Supplied material Block Start

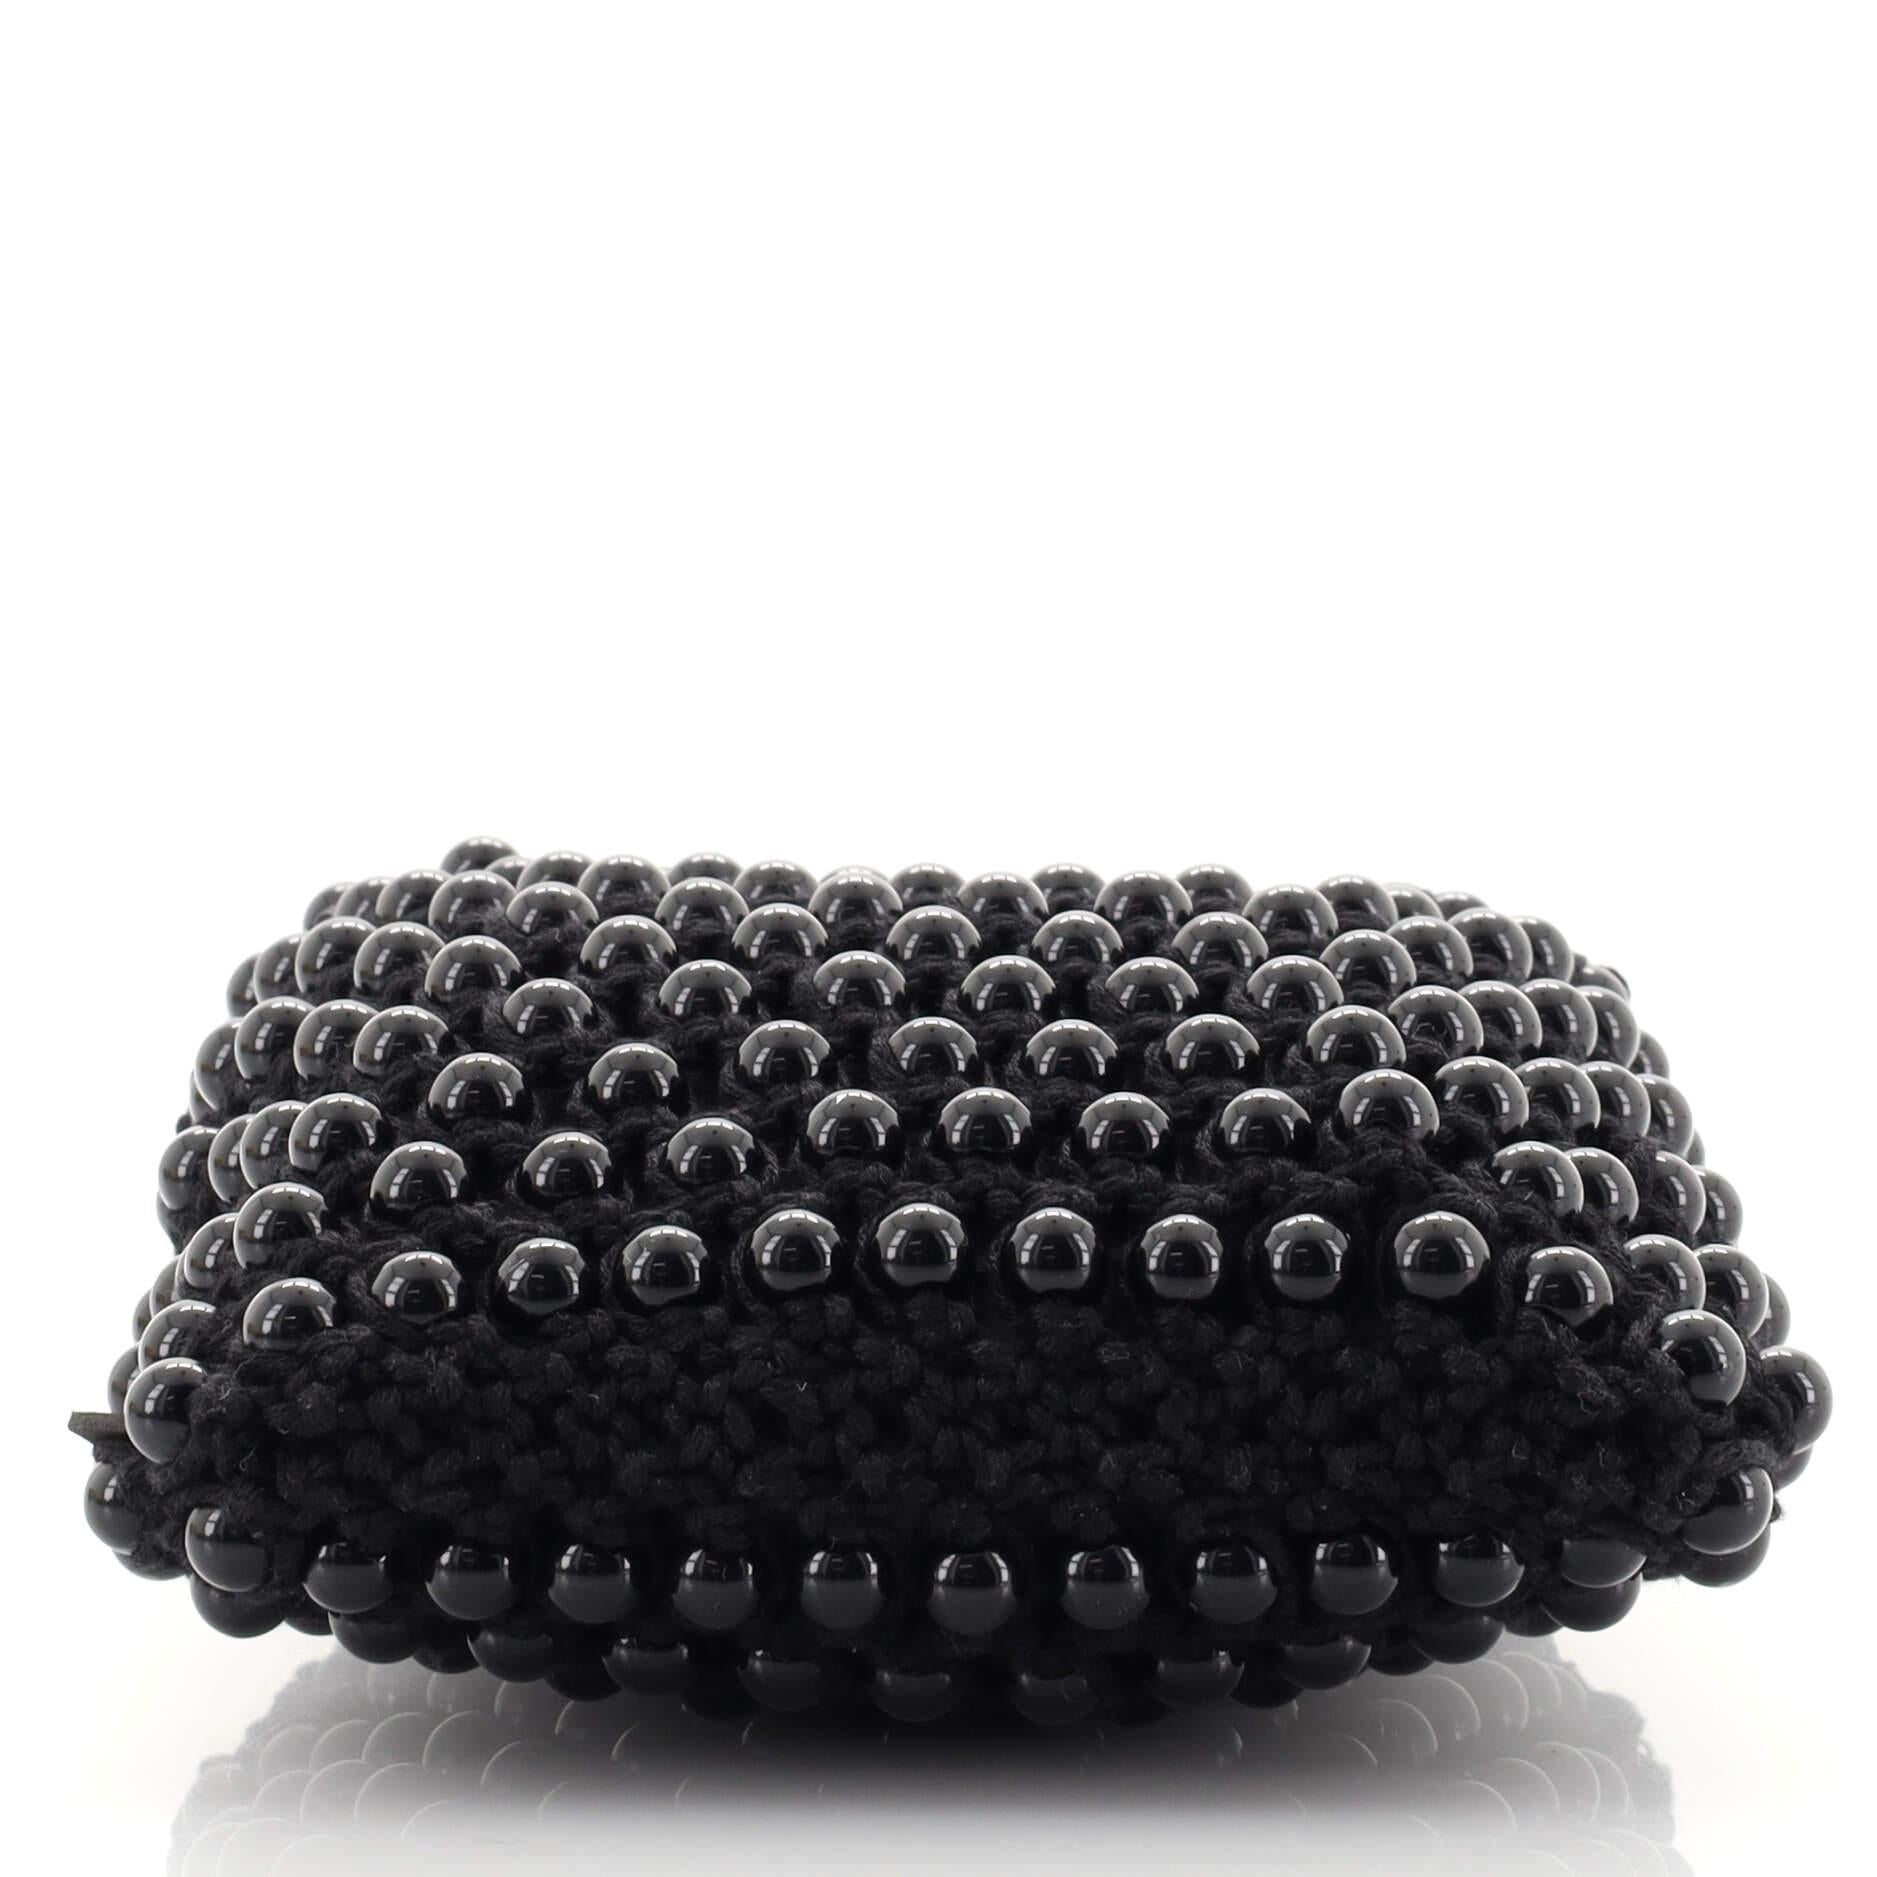 Women's or Men's Fendi Baguette Phone Bag Woven Crochet with Beads Mini
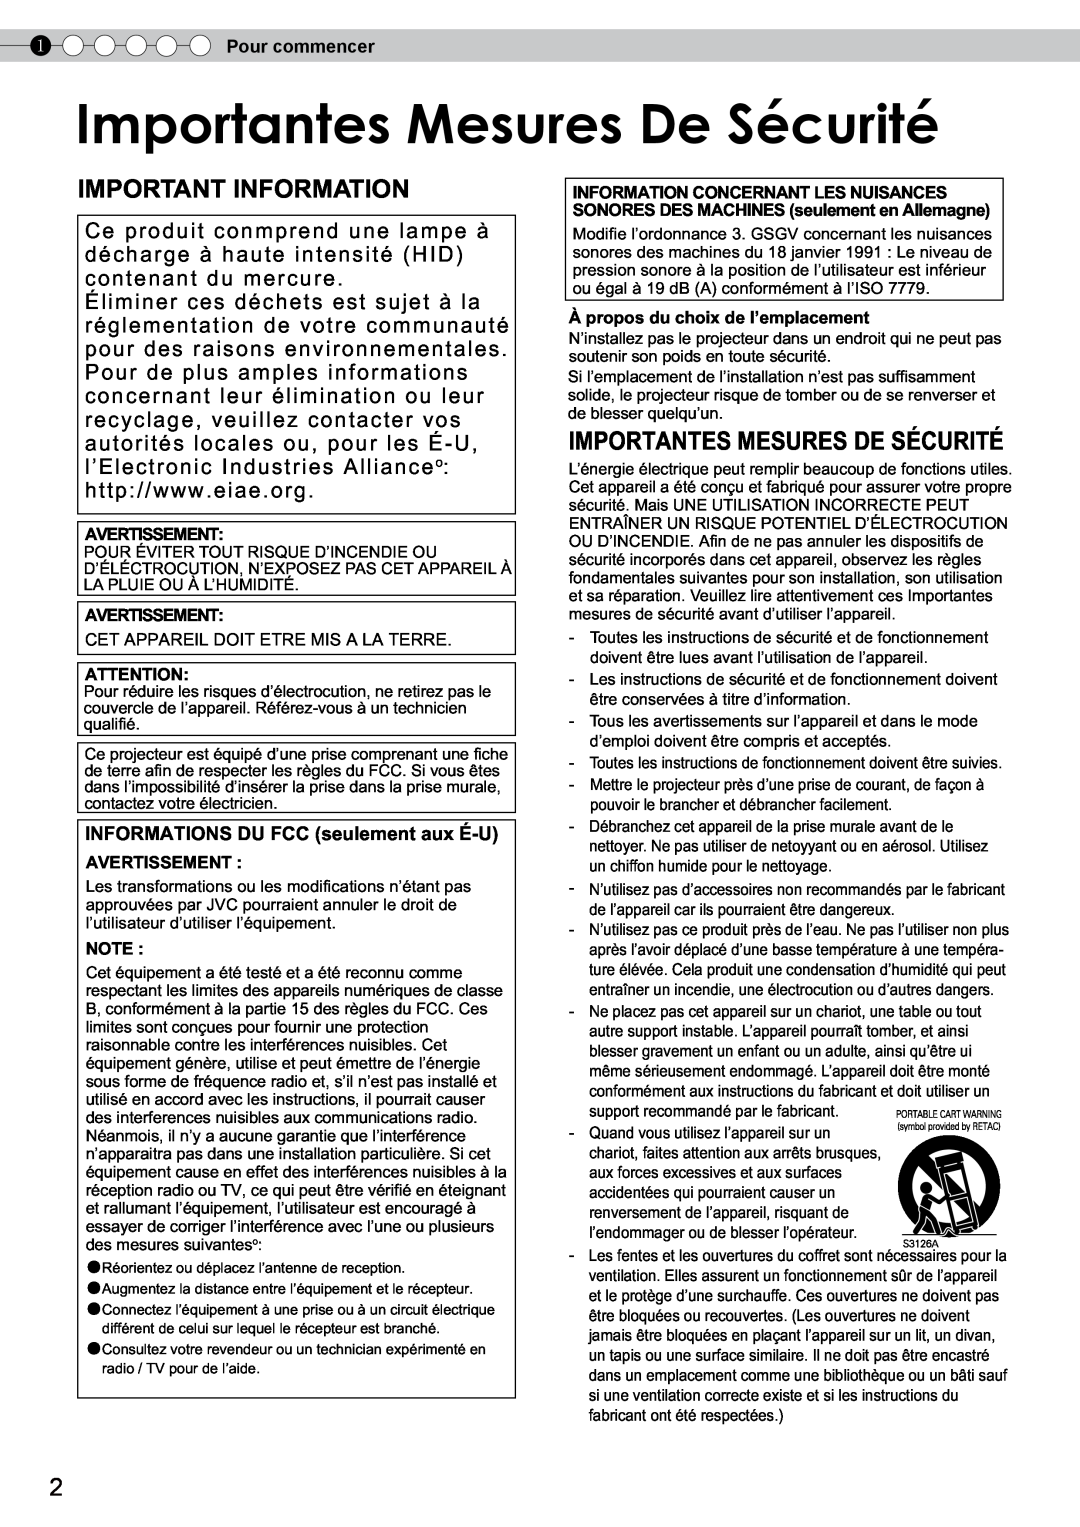 JVC DLA-RS10 manual Importantesortantes MesuresMesuresDeDeSécuritéSécurité, Importantes Mesures De Sécurité 
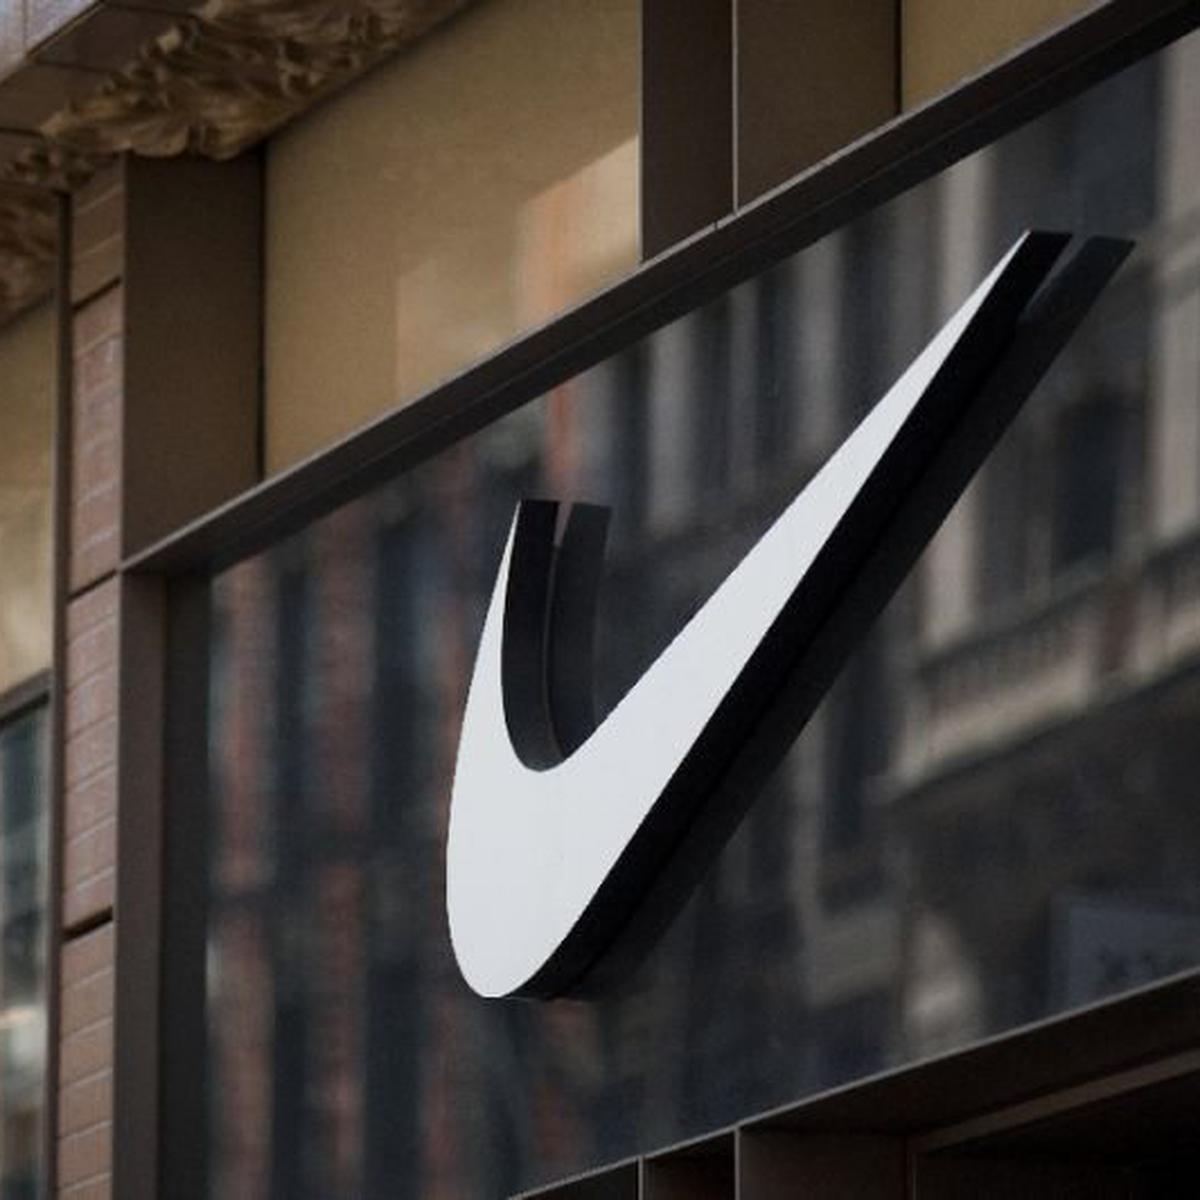 gratuitas de ejercicio de Nike son claves para estrategia de precios más altos | ECONOMIA |
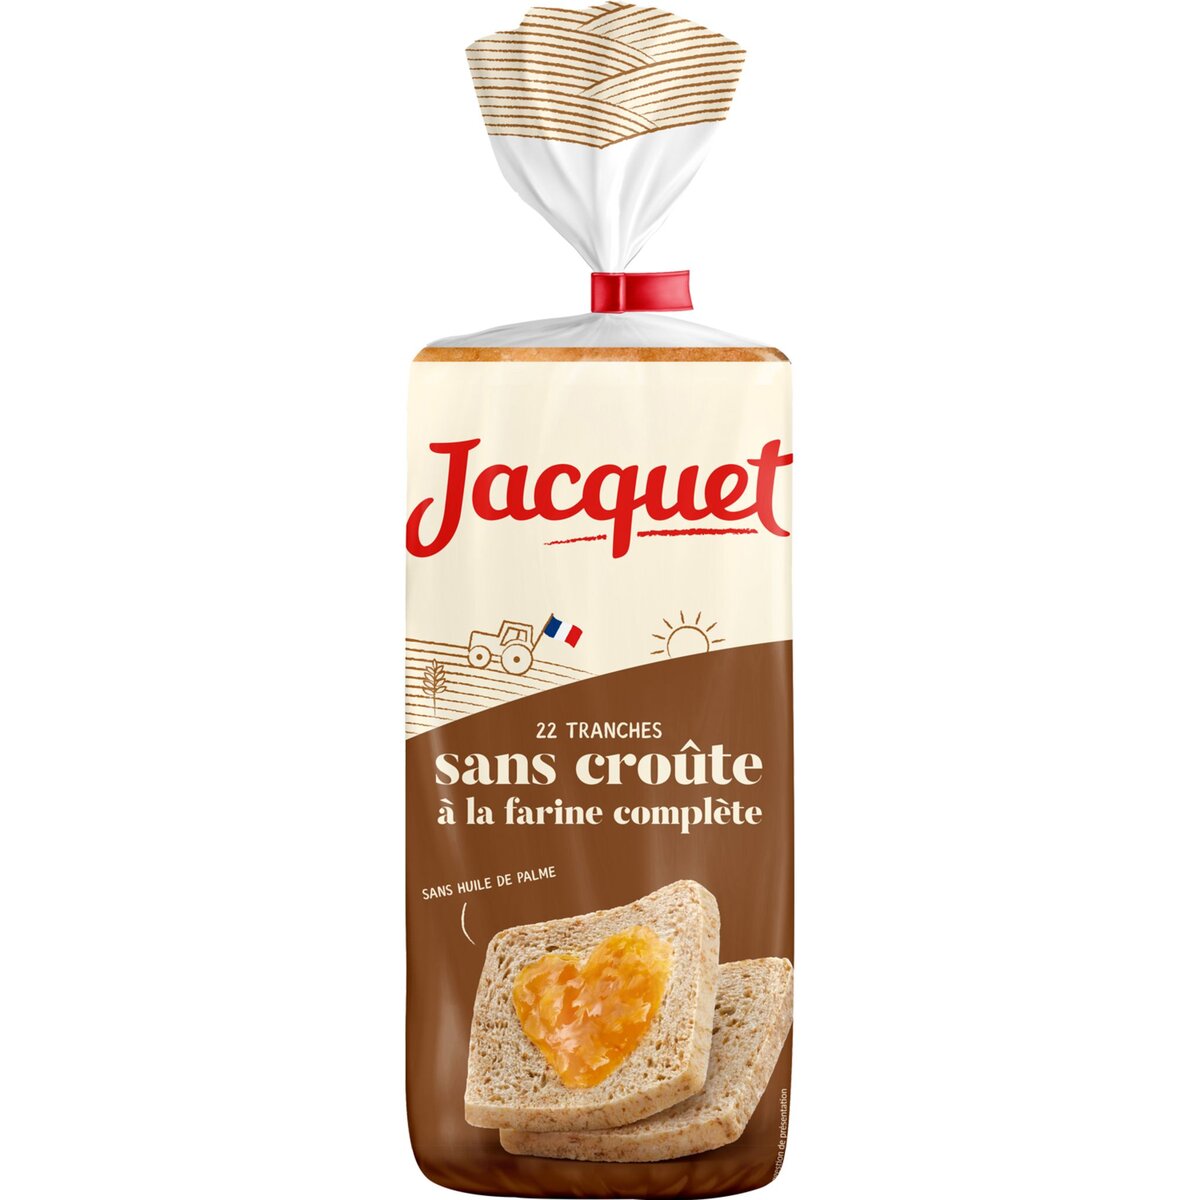 JACQUET Jacquet carrément mie Pain complet sans huile de palme sans croûte 475g 22 tranches 475g

Supplied material Block End

**Work order:**
Beginning at the line that contains "gratuitas de ejercicio" and ending at the last line of the data, return each line exactly; no picture belongs in the copy.

**Exercise output:**
 gratuitas de ejercicio de Nike son claves para estrategia de precios más altos | ECONOMIA |
 JACQUET Jacquet carrément mie Pain complet sans huile de palme sans croûte 475g 22 tranches 475g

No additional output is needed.